» **Aim of the task**
Your copy of the lines below must match them exactly and contain no images.

» **Given material**
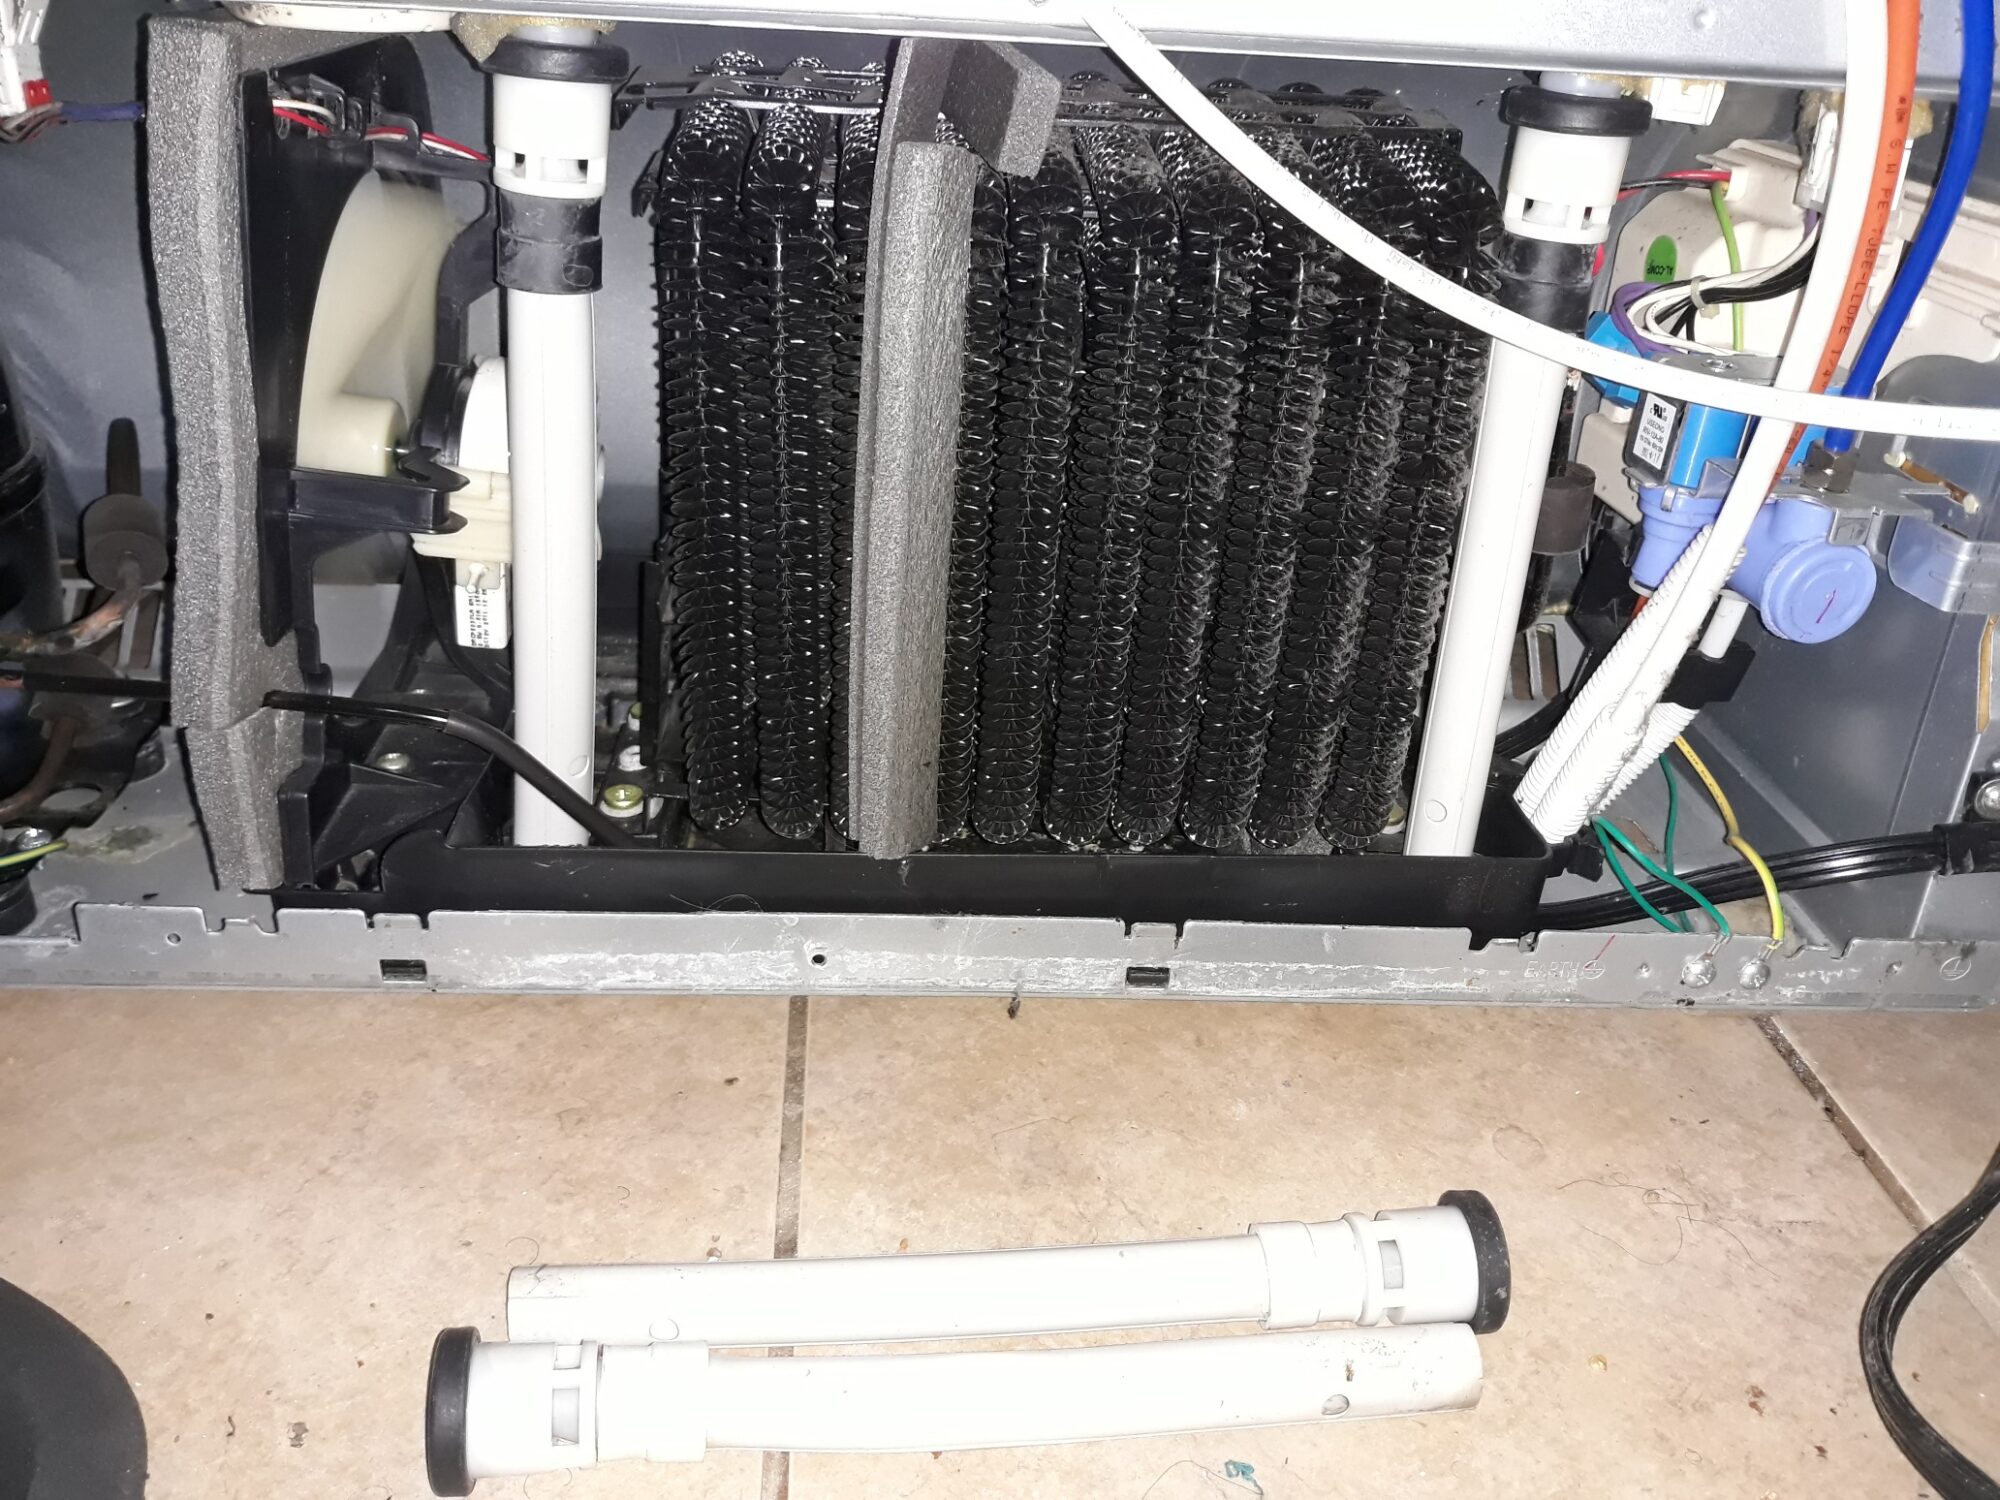 appliance repair refrigerator repair replacement of the old design drains with the new upgraded drains country road grand island eustis fl 32726
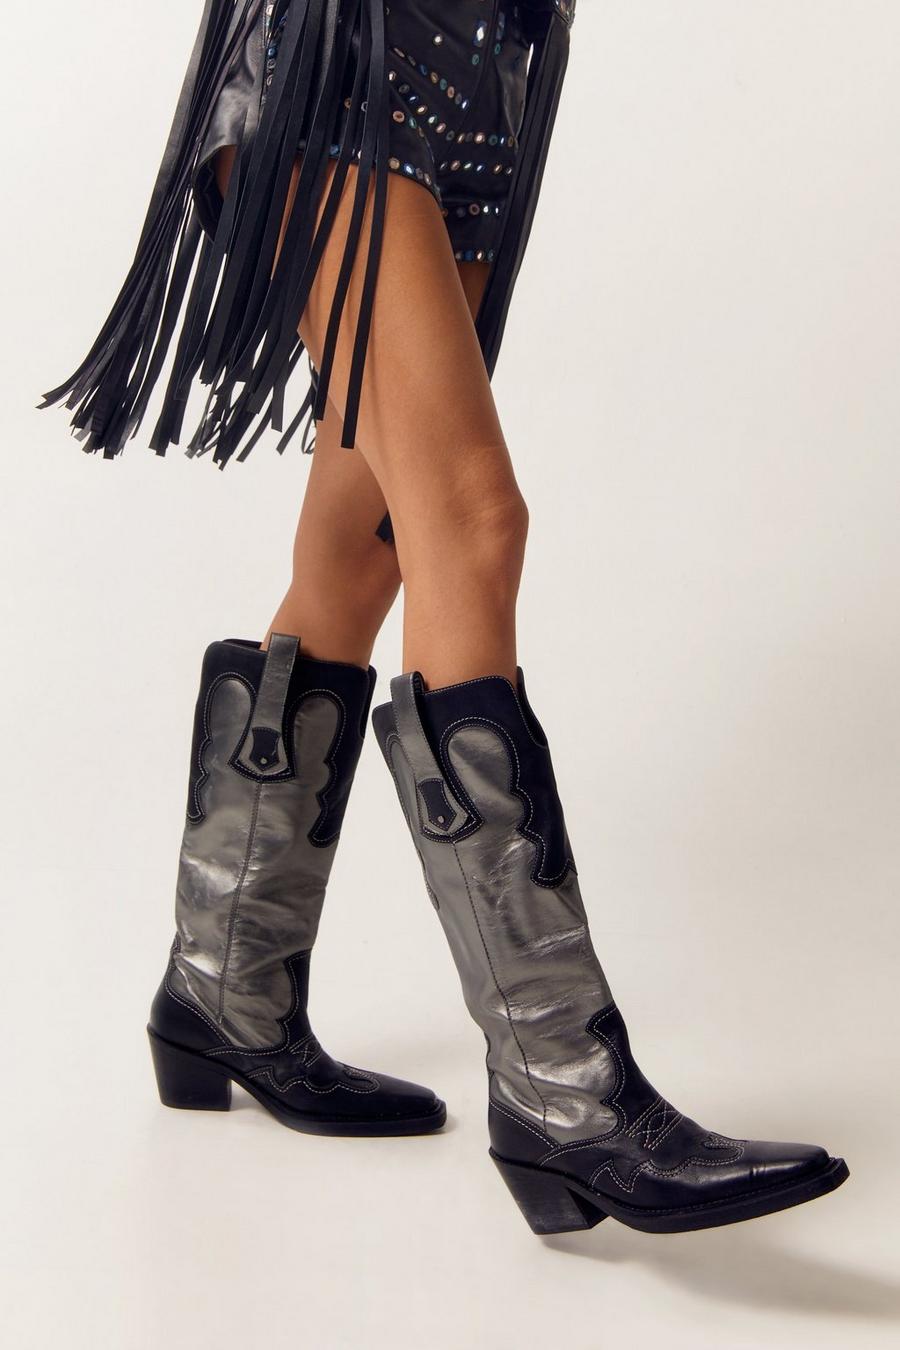 Women's Cowboy Boots | Country & Western Boots | Nasty Gal
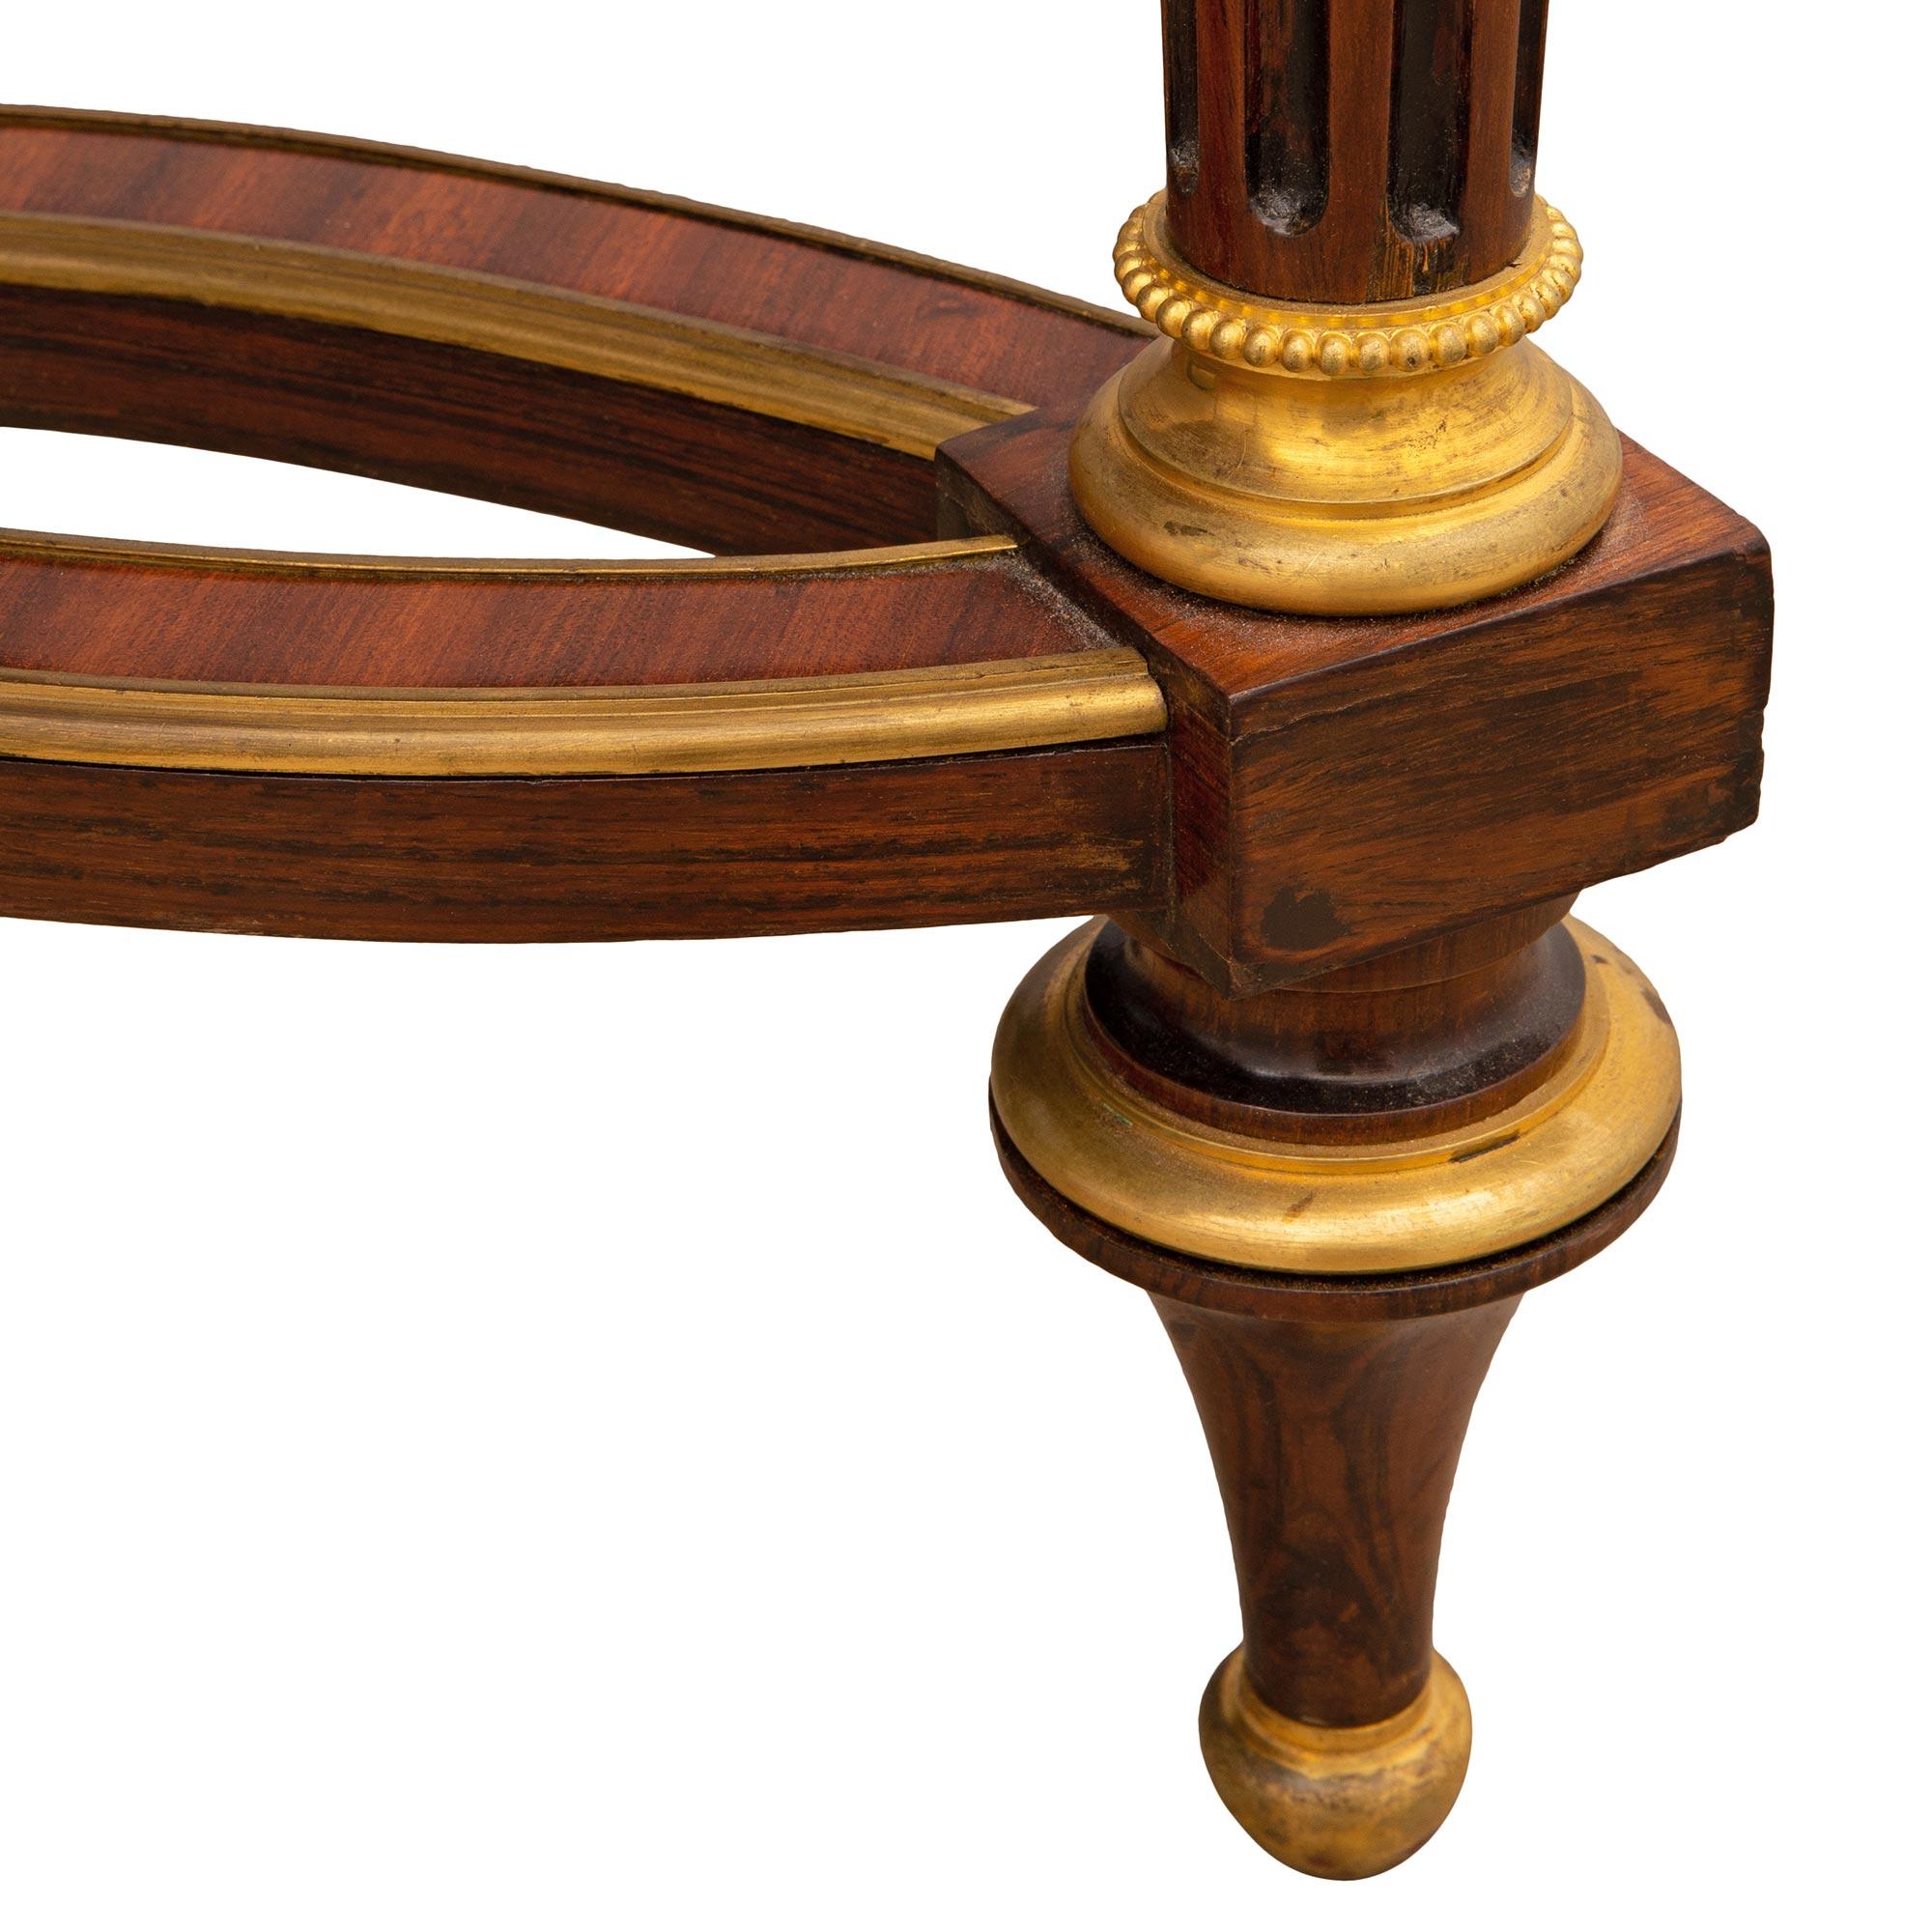 French 19th Century Louis XVI Style Tulipwood and Ormolu Center Table For Sale 8

» **Result of this exercise**
 appliance repair refrigerator repair replacement of the old design drains with the new upgraded drains country road grand island eustis fl 32726
 Women's Cowboy Boots | Country & Western Boots | Nasty Gal
 French 19th Century Louis XVI Style Tulipwood and Ormolu Center Table For Sale 8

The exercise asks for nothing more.